The dream dissolved, like raindrops washing away peddler chalk on a sidewalk. Evangeline fought to hold on to it. She wanted to know how it ended. But the harder she tried to remain in the dream, the more it began to fade, until she couldn’t remember what she’d been dreaming at all.
* * *
Everything hurt when she woke. She was no longer being held by hot arms or cold arms or any arms at all. She was on her back, every inch of her burning, aching, despite the softness of the bed she’d been placed in. Her eyes fluttered open slowly, adjusting to the light. There was just enough for Evangeline to see a set of heavy cagelike iron bars crisscrossing above her.
She jolted upright.
Her wounded shoulder screamed in pain, and she fell gracelessly back on the mattress.
“Welcome back, Princess.” The voice was velvet smooth, and it did not take long for Evangeline to identify the source.
Chaos, the Vampire Lord of Spies and Assassins, leaned casually against one dark bedpost with the ease of a being that had nothing to fear.
Evangeline tried to muster a bit of bravado, but she felt instantly immobilized. She now knew why there were cagelike bars over her bed. She was in Chaos’s underground castle.
Evangeline had only visited once before, but she vividly remembered all the human-size cages hanging amid the old-world elegance of the halls. She shuddered to think why she might be here.
Frantically, she sifted back through her memories. The last several hours were blurry, until she reached the moment right before she passed out. She’d been inside Wolf Hall, bleeding everywhere, and Jacks had said her name, Evangeline, not Little Fox. Then he’d said he was sorry. Was this why? Because he’d given her over to Chaos?
“Am I a prisoner?” she asked.
“You can leave anytime,” Chaos said. “But I doubt you’ll get far on that injured leg.” He nodded toward her wounded thigh.
The vampire’s face was impossible to read due to the cursed bronze helm he wore. It wrapped around his forehead and jaw, covering his mouth so that he could not bite her. Yet she still felt far from safe in his castle.
Evangeline gritted her teeth and looked about the room for an escape. It was around the size of her suite at Wolf Hall, with a fireplace full of candles, dark velvet lounges for sitting, and a dresser for clothes and jewels. It also had a great rounded door, but it was on the opposite end, a distance that seemed insurmountable with her wounded leg. But she could not stay in this bed. She needed to get out of here. She needed to figure out why Apollo had attacked her.

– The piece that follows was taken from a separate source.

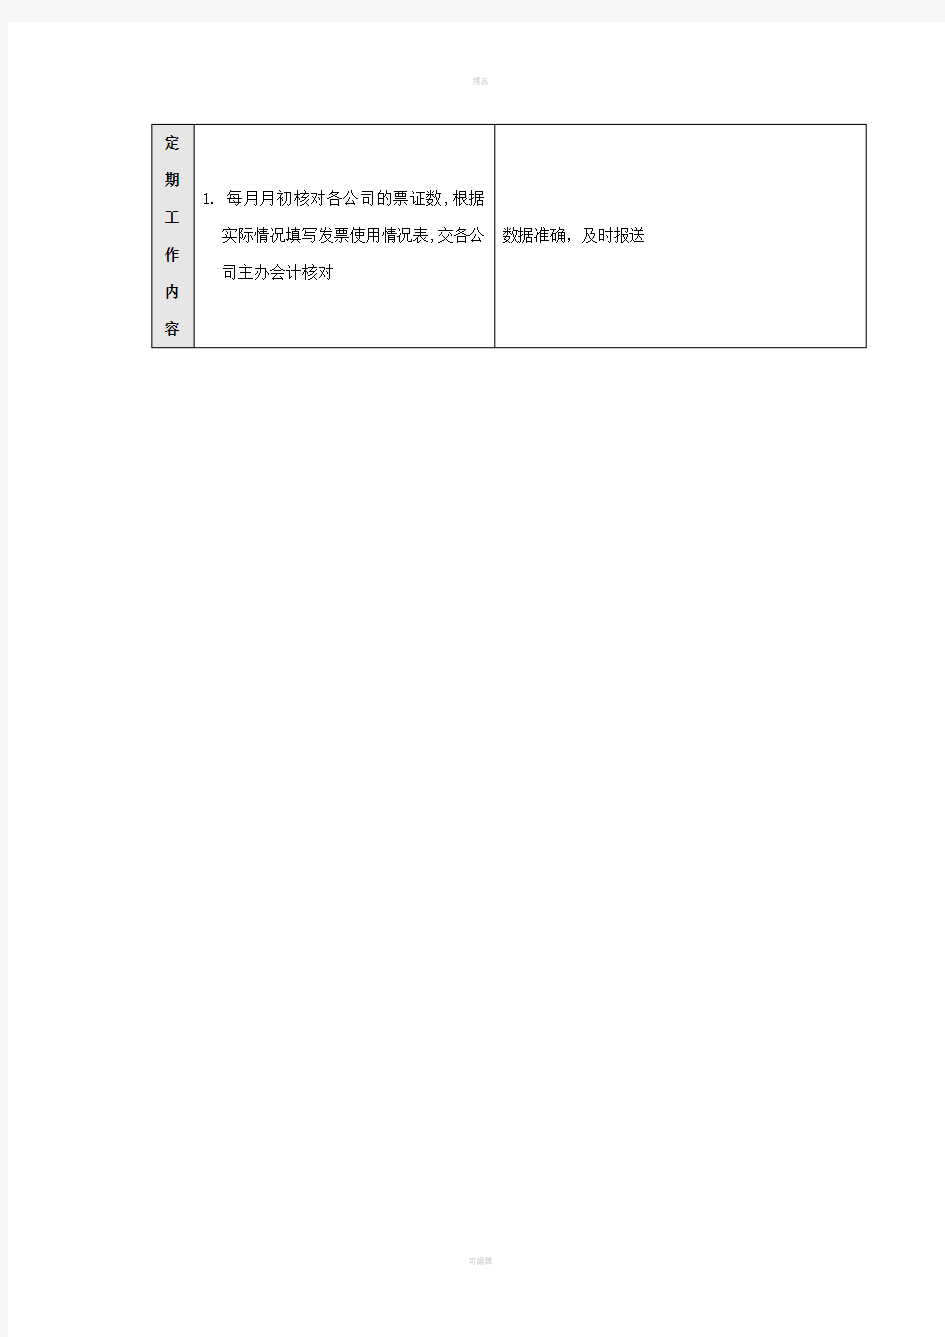 碧桂园财务部绩效考核制度之图章管理员岗位流程表

She didn’t believe that Apollo had wanted to hurt her. That was clearer to her now. He’d looked pained, anguished. He’d told her to run. He’d tried to save her before he’d tried to kill her. She needed to figure out why.
Evangeline started to push down her sheets, but stopped as she realized that her clothing had been removed. She was practically naked. Instinctively, she clutched the sheets tighter. She didn’t even want to contemplate who had undressed her. She wore nothing, save for a short, thin silk slip and the cloth bandages that wrapped around her wounded shoulder and thigh.
She couldn’t get out of bed like this. Chaos might not be able to bite her, but if they were in his lair, then other vampires could—and they probably would. Walking around in a scrap of silk felt like an open invitation.
“If I really can leave, then I’d like some clothes and shoes,” she said.
Chaos laughed softly, the sound deceptively young. He appeared just a few years older than she was, but Jacks had once told her that Chaos was as old as the North. “I may have exaggerated when I said you could leave at any time.”
The rounded door opened with a groan that betrayed its age. Then, silently, Jacks stepped inside.
Their eyes collided across the room. His gaze slowly lowered to the sheets that she held over her barely there slip. But then, before she even had time to blush, he looked away.
Evangeline felt a strange stab of disappointment as Jacks went back to tossing the shimmering black apple that he held in his hand.
The cloak he’d been wearing earlier was gone. She remembered that he’d carried her, but there was no blood on his soft gray doublet.
“Have you told her the good news?” he asked cheerfully.
“Not yet,” Chaos replied.
Evangeline divided a look between them. Confused did not begin to describe how she felt. Jacks loathed vampires—or at least that’s what she’d thought. The last time she’d been here with him, he’d seemed to hate every moment. Now Jacks appeared completely at ease, and the comfortable way that he and Chaos spoke made it seem as if they were almost friends.